• _Provided material_:
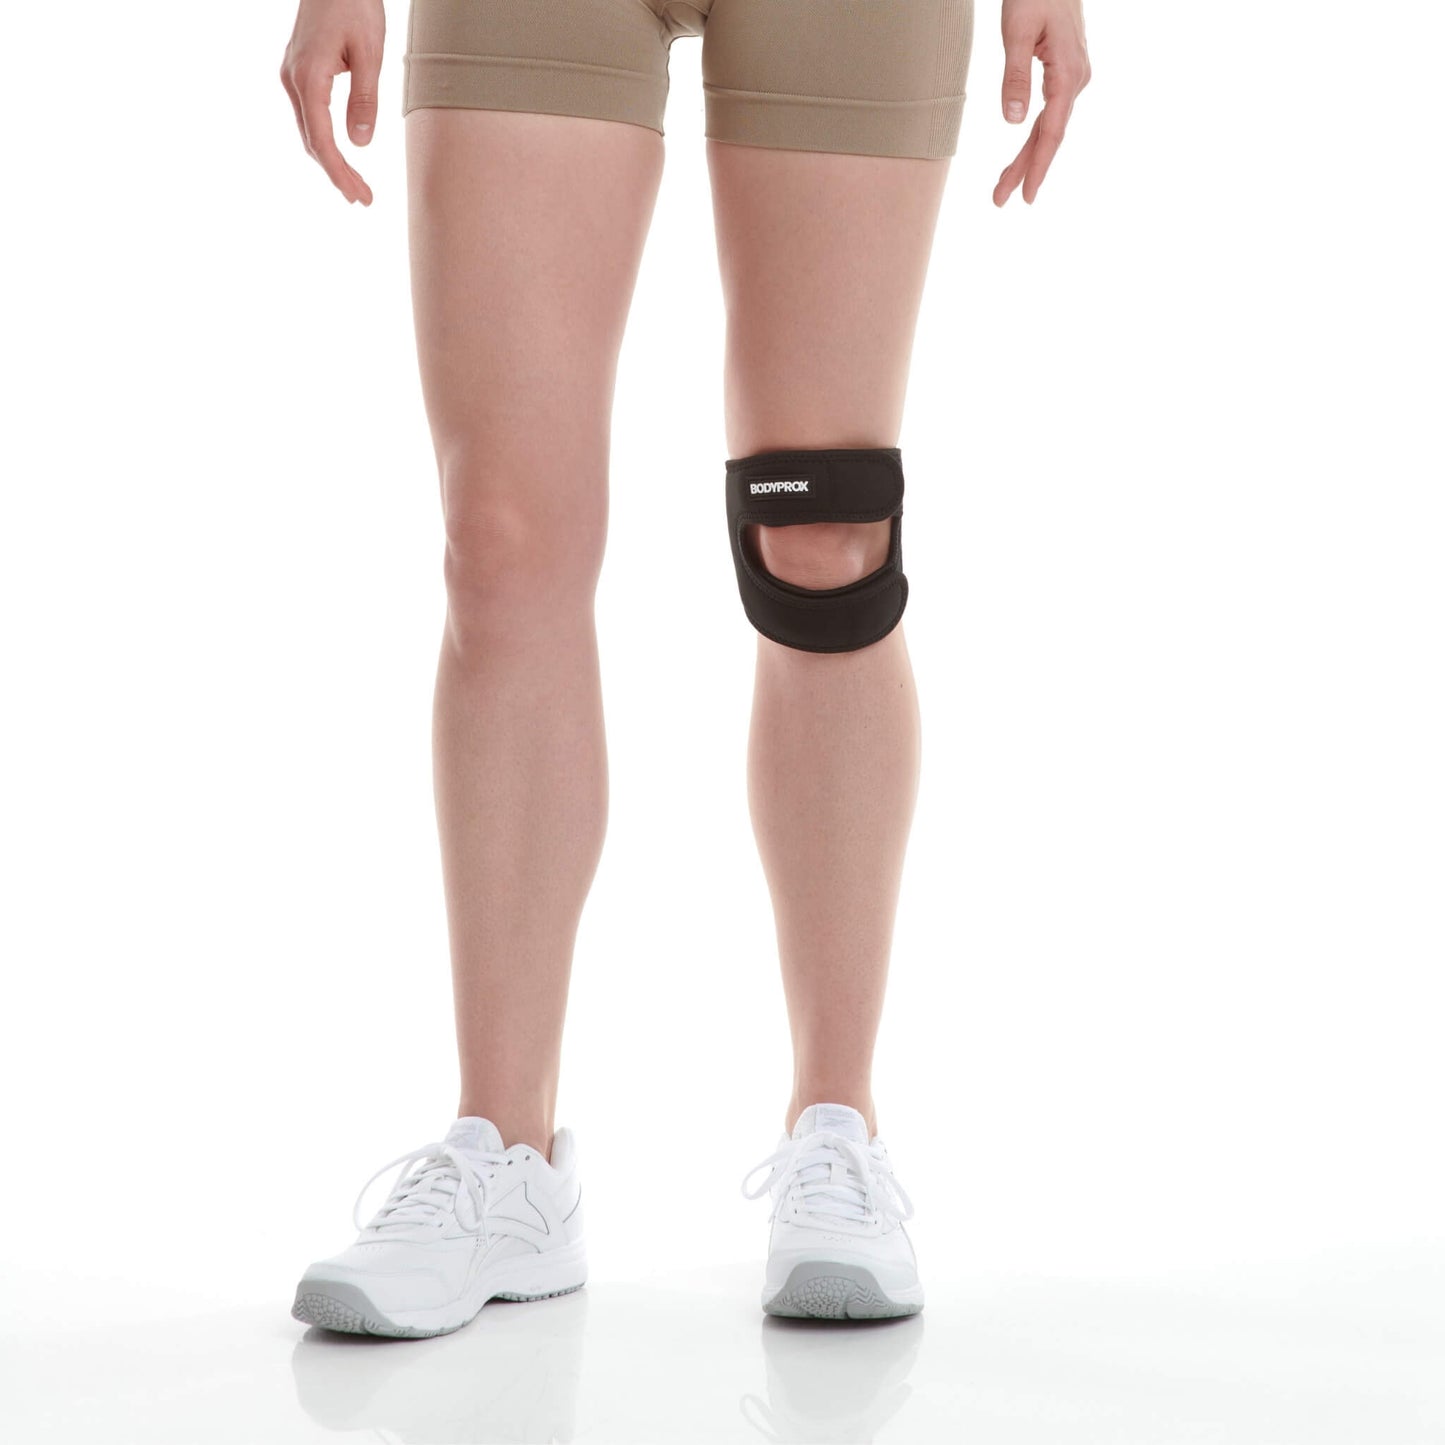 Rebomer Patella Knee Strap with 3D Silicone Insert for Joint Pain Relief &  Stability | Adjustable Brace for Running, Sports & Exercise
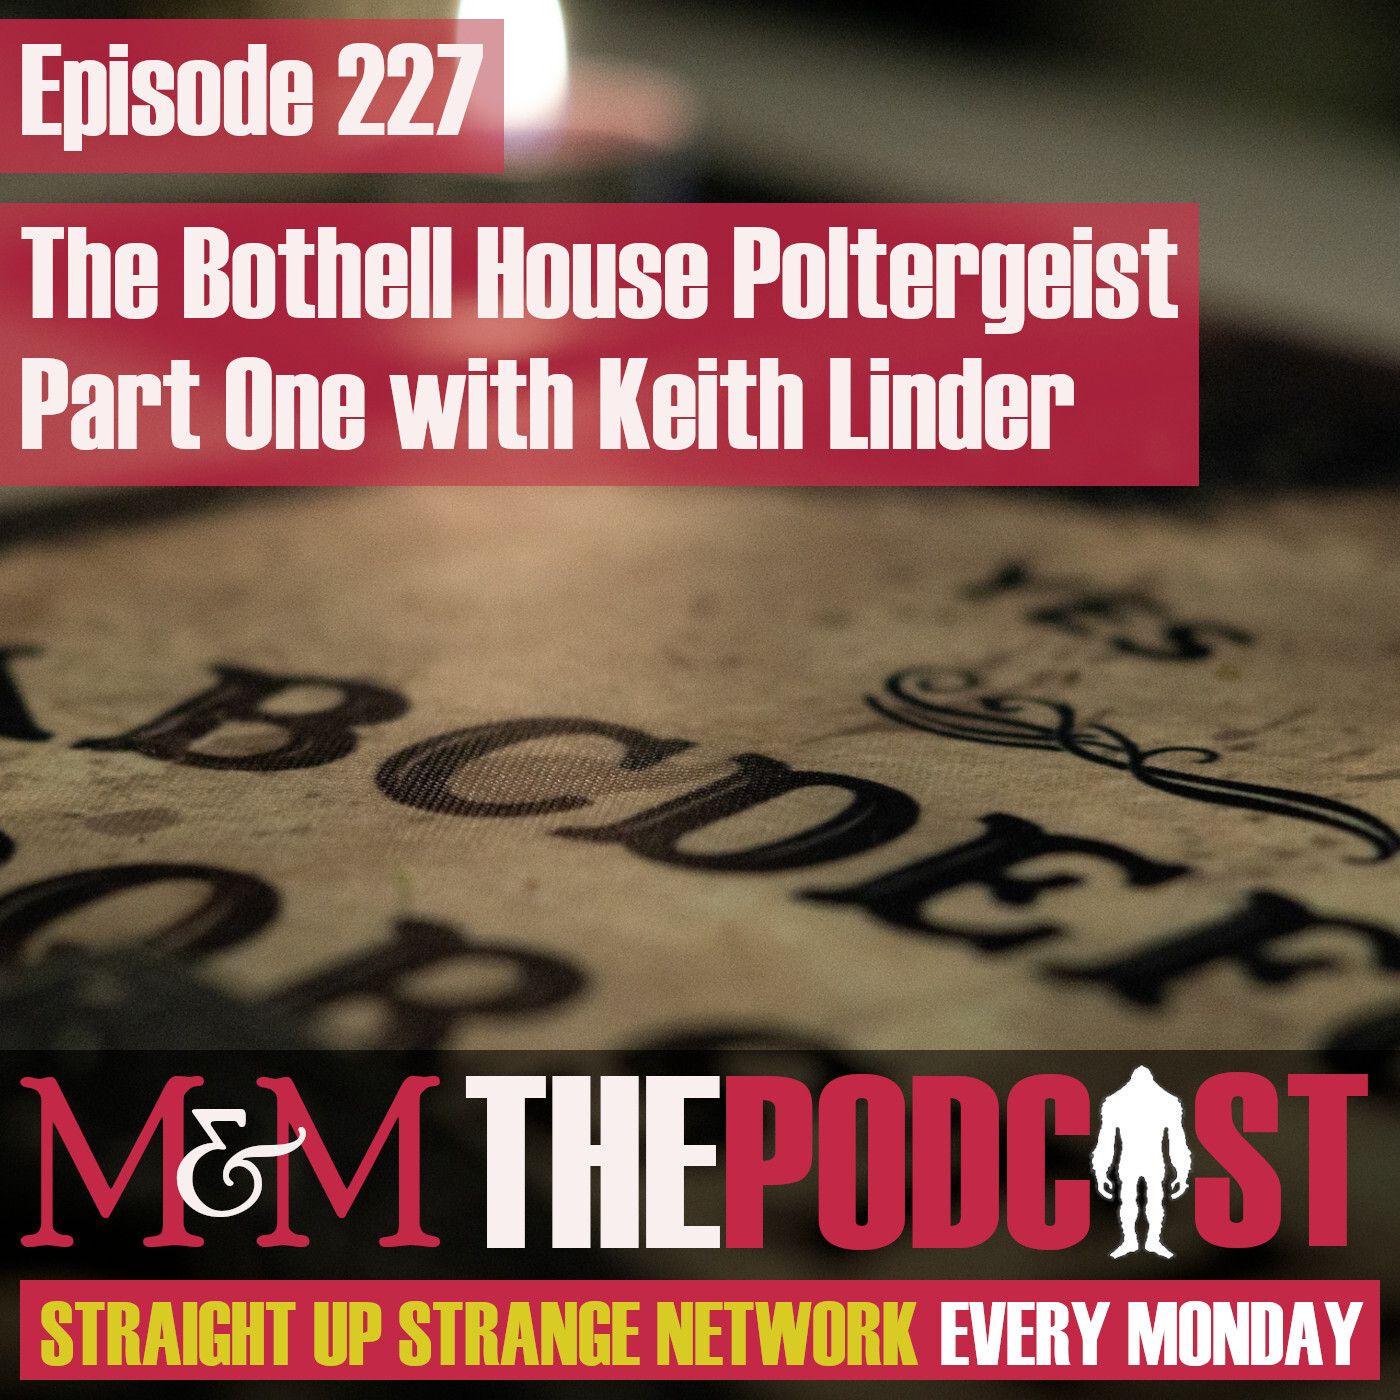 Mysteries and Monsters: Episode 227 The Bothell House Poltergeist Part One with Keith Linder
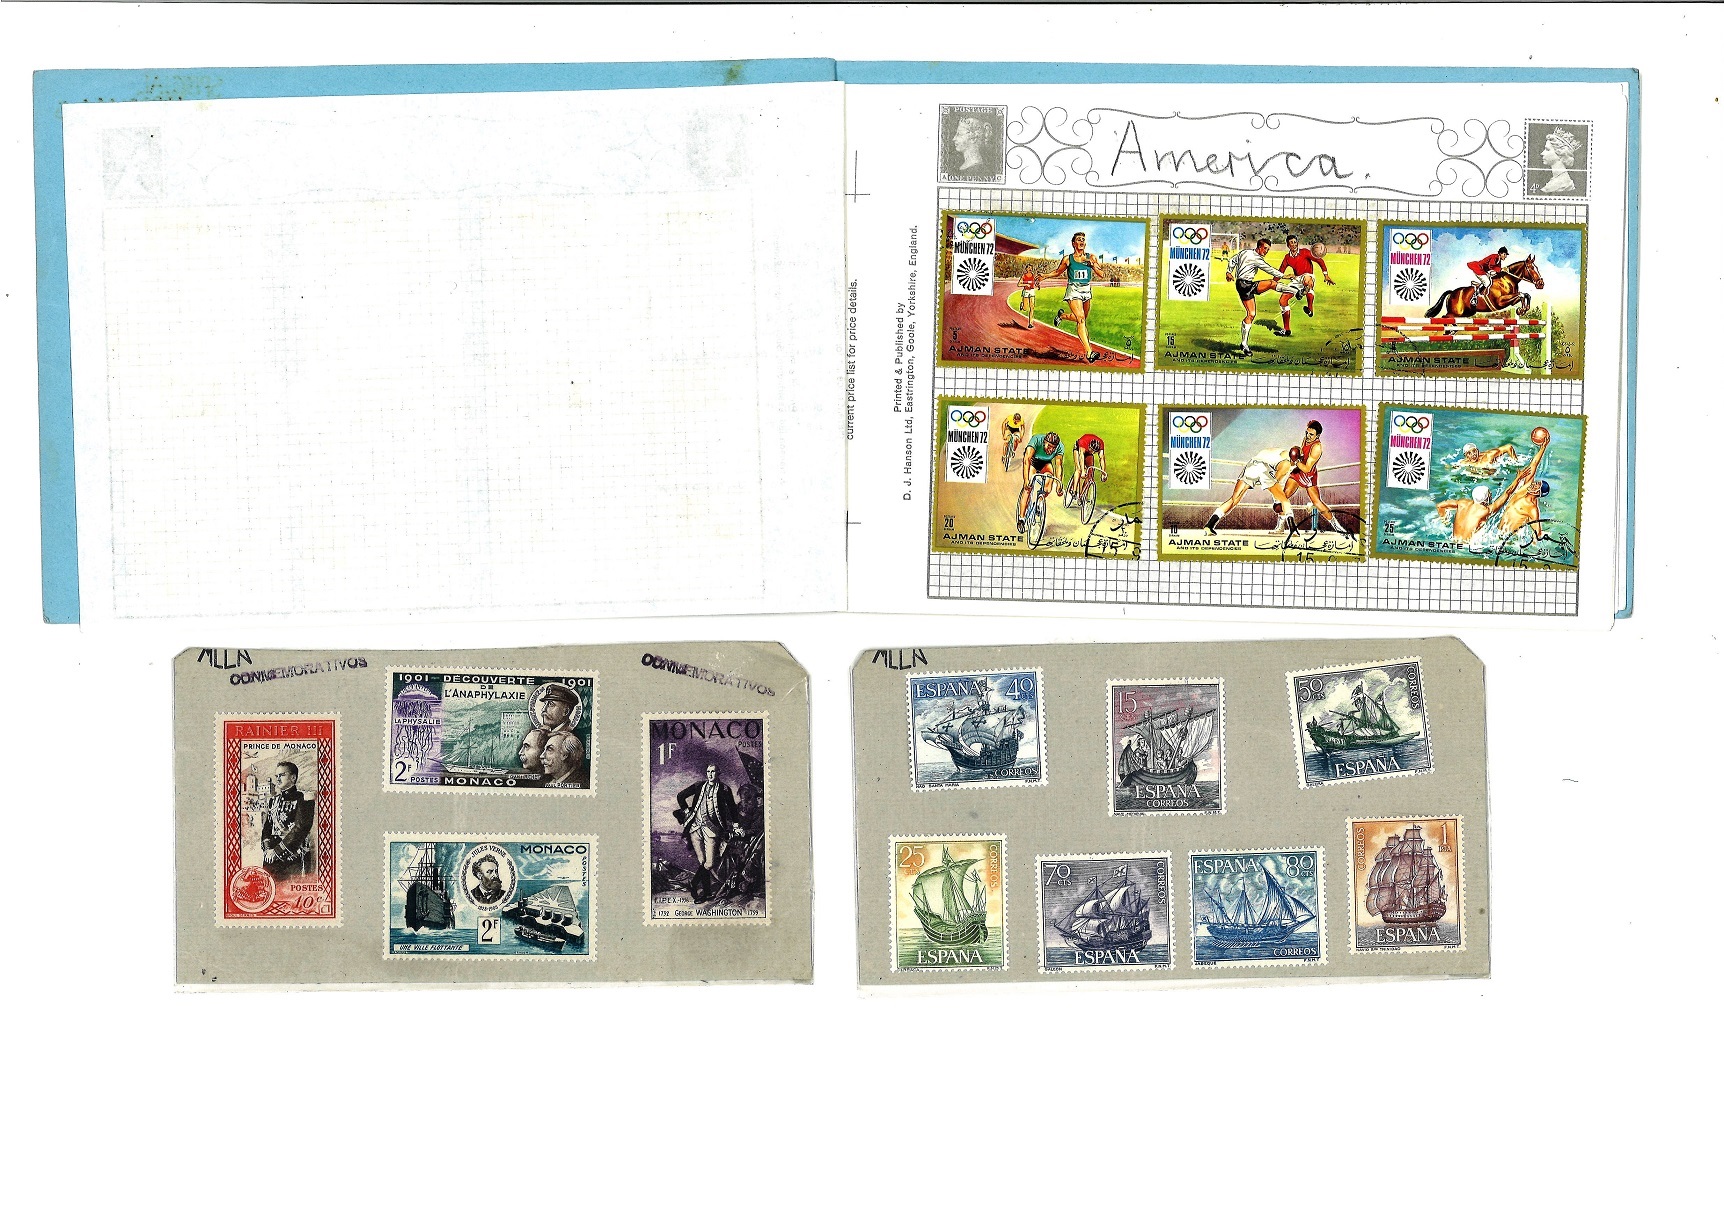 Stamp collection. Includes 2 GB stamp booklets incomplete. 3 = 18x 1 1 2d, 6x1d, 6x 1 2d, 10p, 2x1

• _Requirement_:
Would you please copy the material exactly, leaving all the pictures out?

• _Output below_:
 Rebomer Patella Knee Strap with 3D Silicone Insert for Joint Pain Relief &  Stability | Adjustable Brace for Running, Sports & Exercise
 Mysteries and Monsters: Episode 227 The Bothell House Poltergeist Part One with Keith Linder
 Stamp collection. Includes 2 GB stamp booklets incomplete. 3 = 18x 1 1 2d, 6x1d, 6x 1 2d, 10p, 2x1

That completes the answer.